Hacker News new | ask | show | jobs
by smegel 3643 days ago
> This means that it doesn't really matter how quickly you execute the "Python" part of Python. Another way of saying this is that Python opcodes are very complex, and the cost of executing them dwarfs the cost of dispatching them.

That doesn't really explain why Python is slow. Your just explaining how Python works. Why should C code be slow? Usually it is fast. Just saying the opcodes are complex doesn't really help, because if a complex opcode takes a long time, it is usually because it is doing a great deal.

Java used to have the opposite problem. It was doing too much at the "Java bytecode" level, such as string manipulation - so they added more "complex" opcodes written in C/C++ to speed things up, significantly.

What you really need to explain is why Python is inefficient. Bloated data structures and pointer hopping for simple things like adding two numbers may be a big reason.
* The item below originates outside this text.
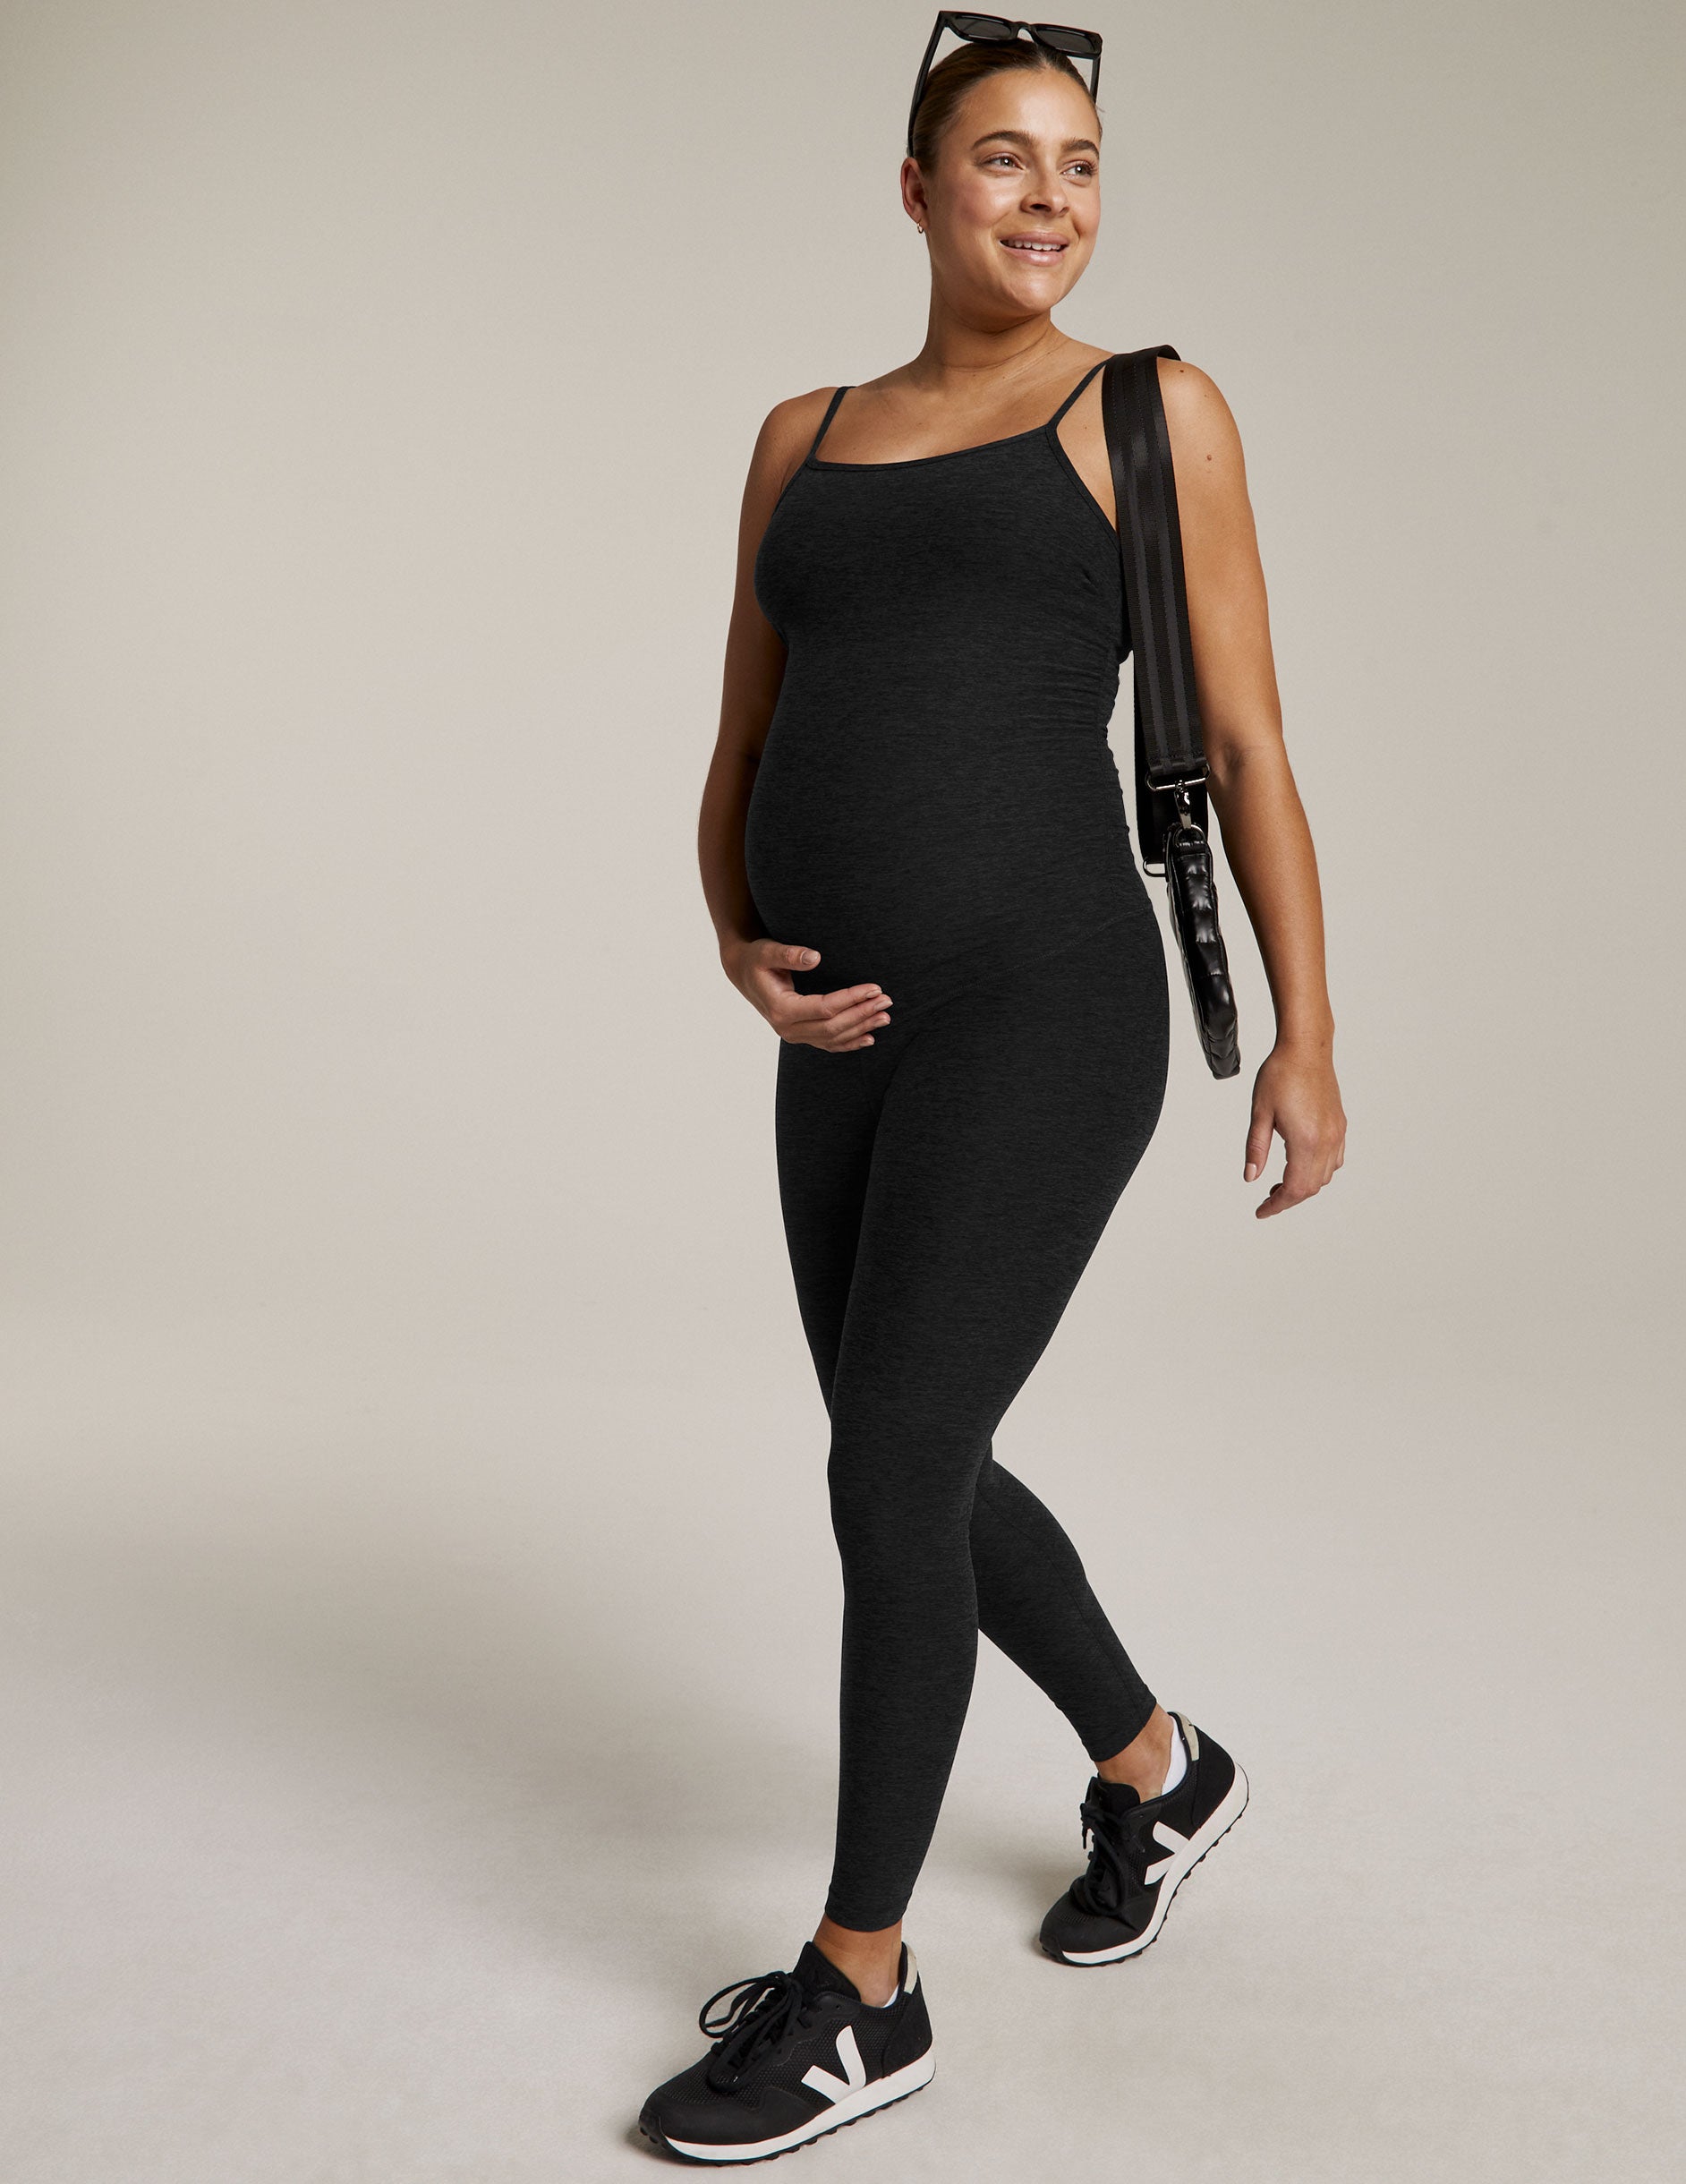 Beyond Yoga Spacedye Uplevel Maternity Jumpsuit For Women - Adjustable  Sphagetti Straps, Chic and Practical Jumpsuit

I know Perl had many efficiencies built in, and was considered quite fast at some point (90s?).

7 comments

> What you really need to explain is why Python is inefficient.

Python is extremely dynamic and this makes things hard for someone who wants to build a JIT.

The powerful bits of python metaprogramming makes it really impossible for a JIT to say with some certainty across all running threads that what it is doing is right.

Inlining a simple call like a.x() is rather hard when everything underneath can move around - I am not saying that it always does, but implementing a python variant which is nearly the same isn't very useful.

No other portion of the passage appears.